═════ Exercise data ═════

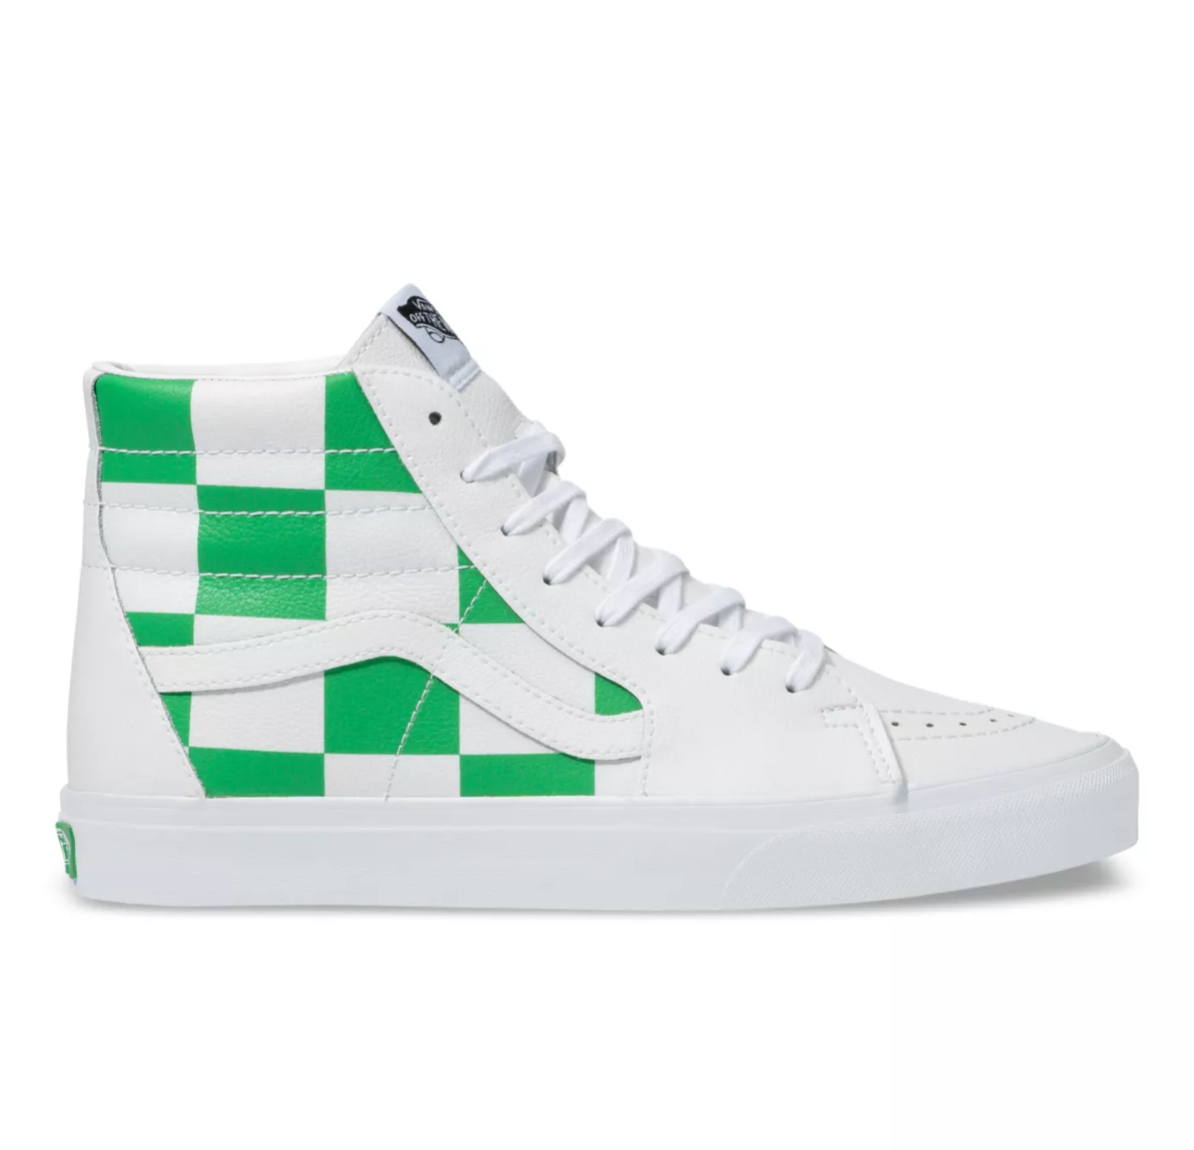 green and white high top vans cheap online
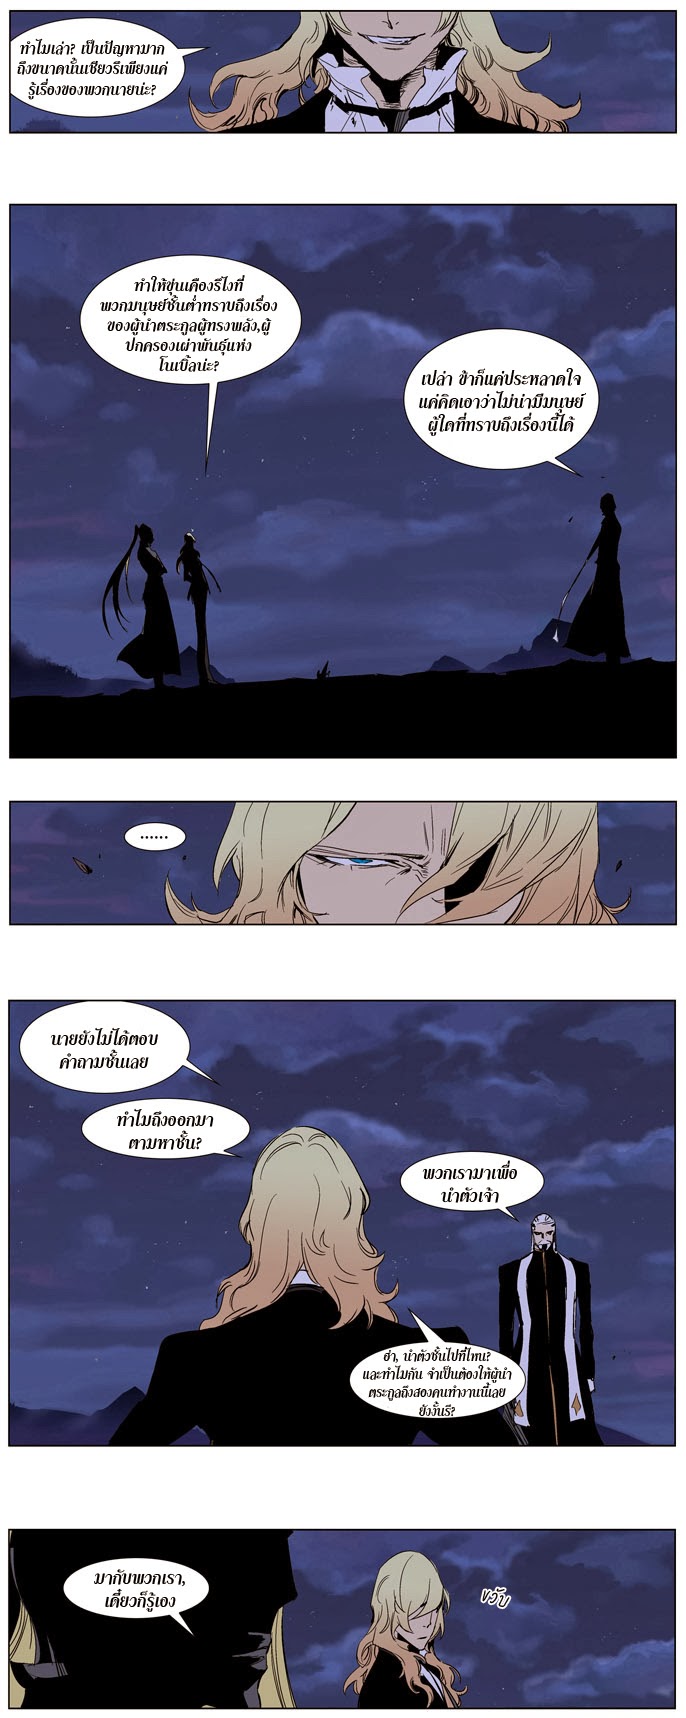 Noblesse 241 005
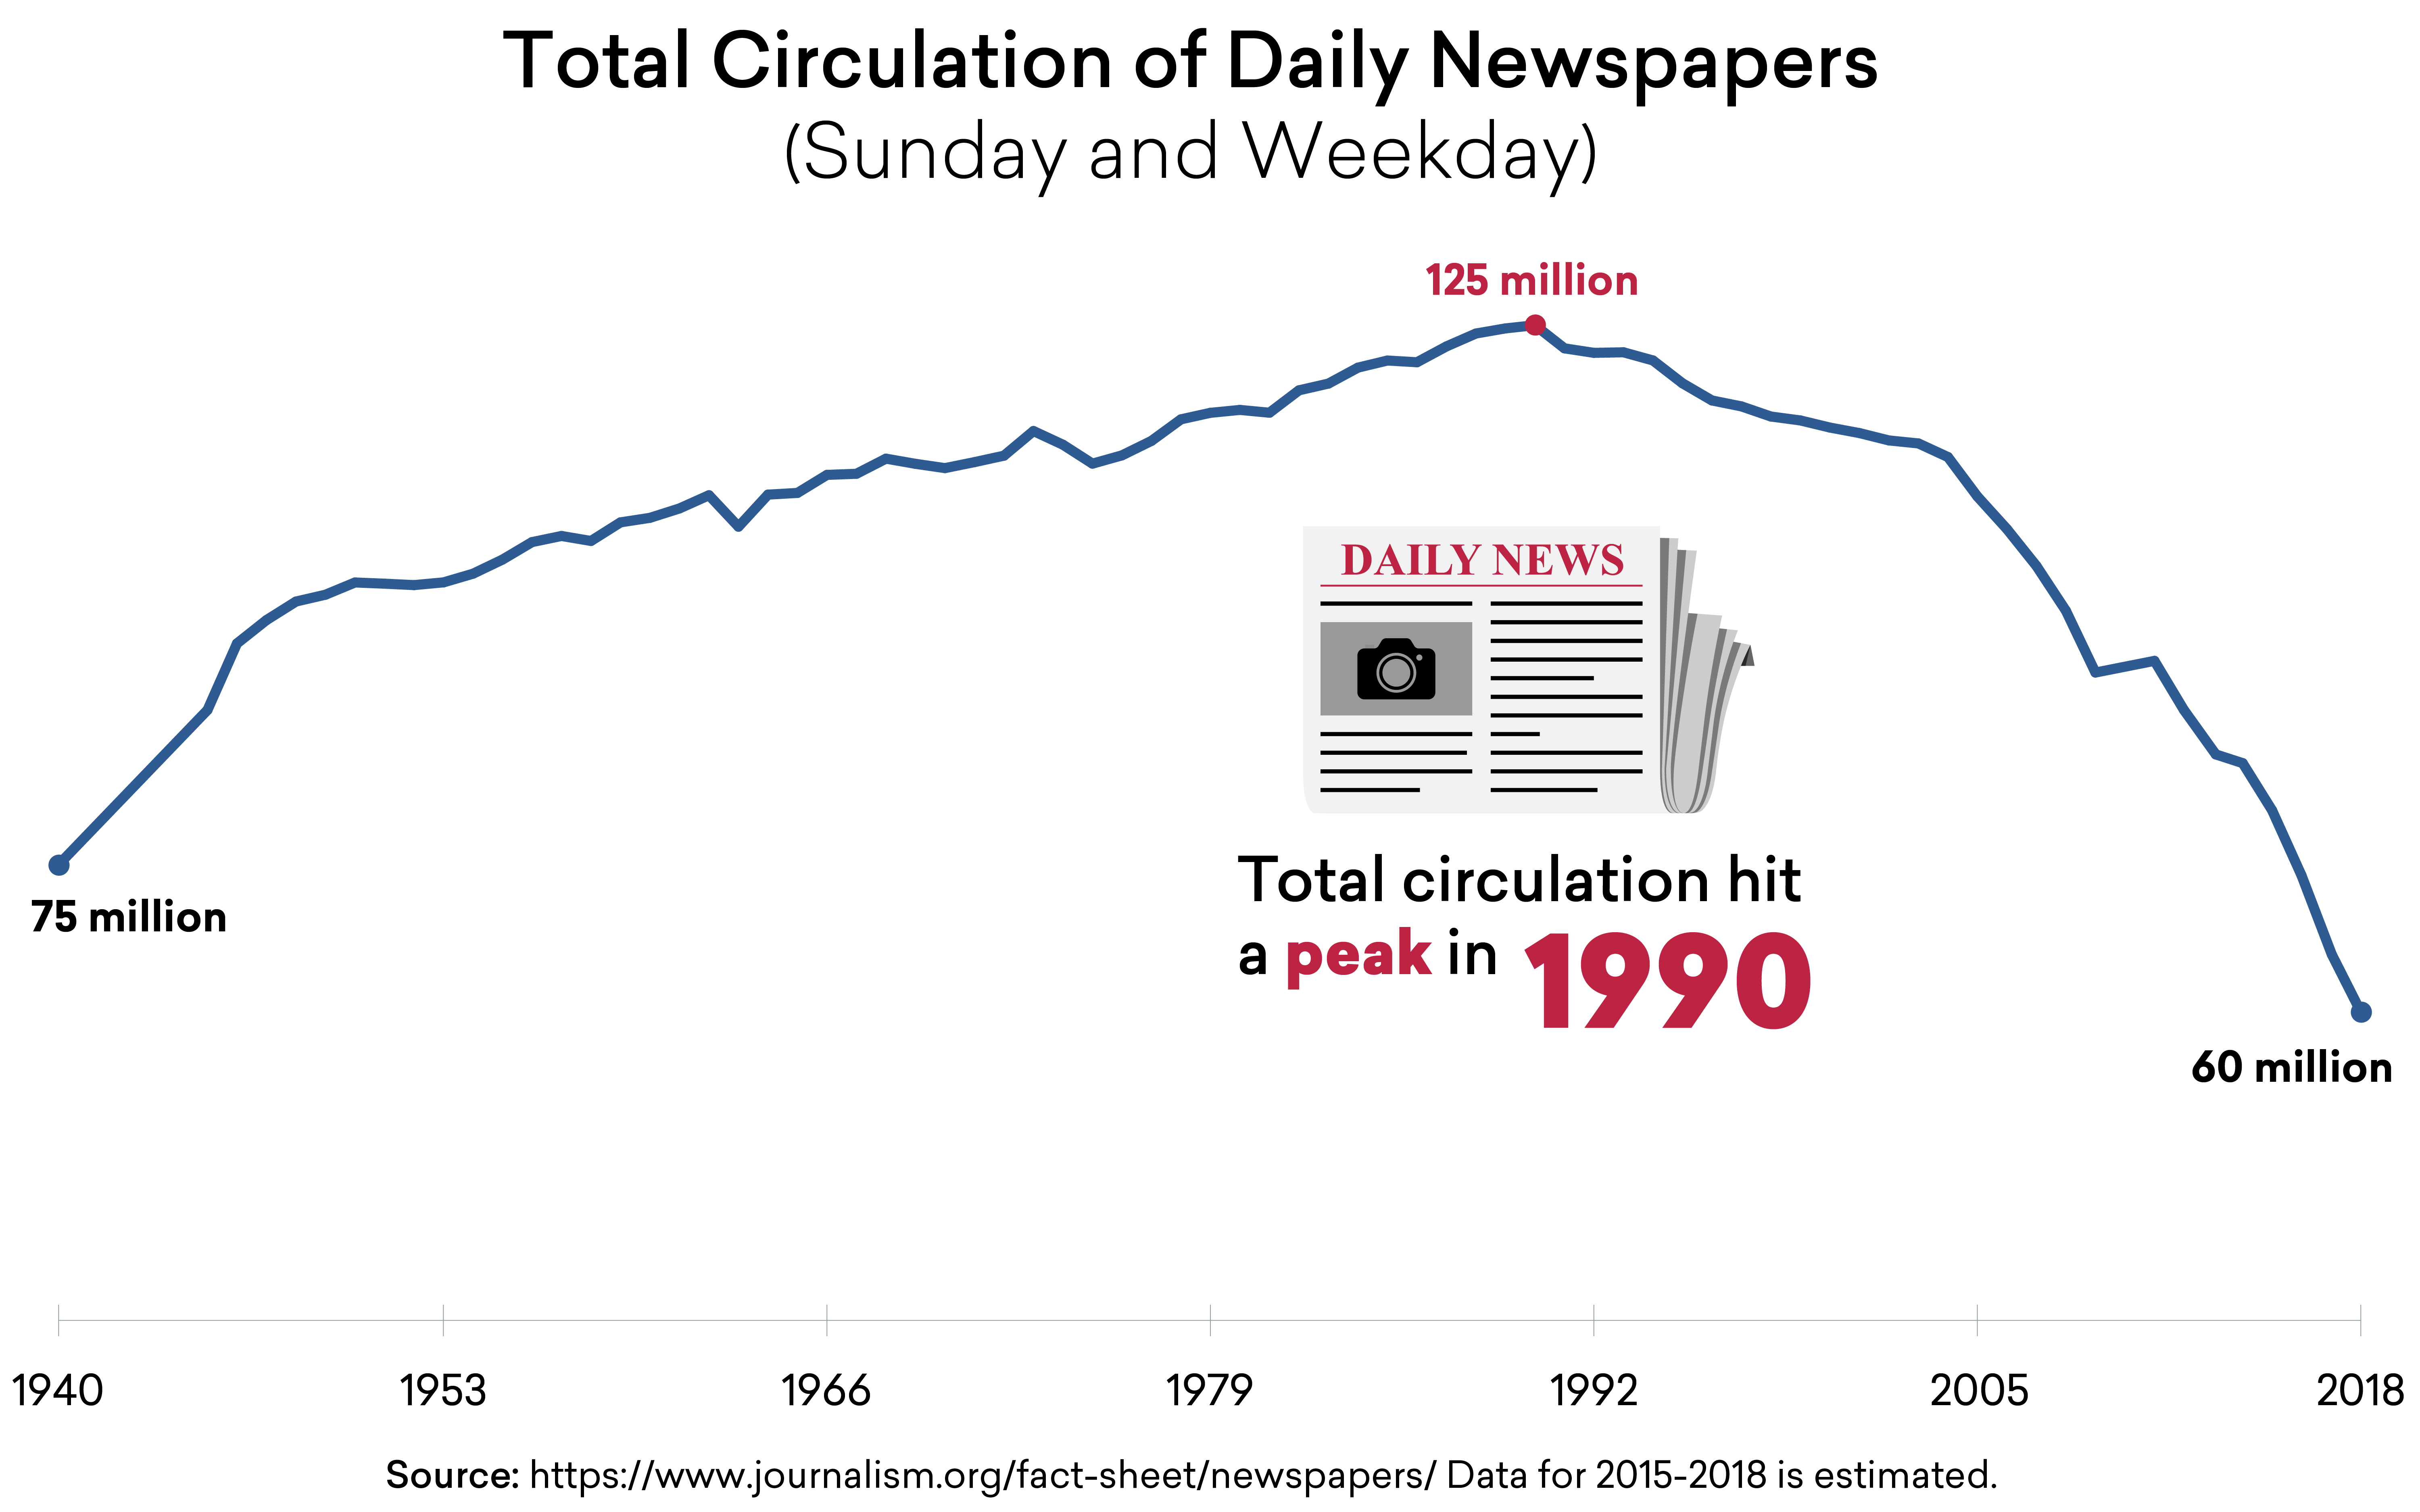 Circulation of Daily Newspapers

═════

**Task goal:** Skipping all images, print the data above a second time exactly.

**The completed task:**
 green and white high top vans cheap online
 Noblesse 241 005
 Circulation of Daily Newspapers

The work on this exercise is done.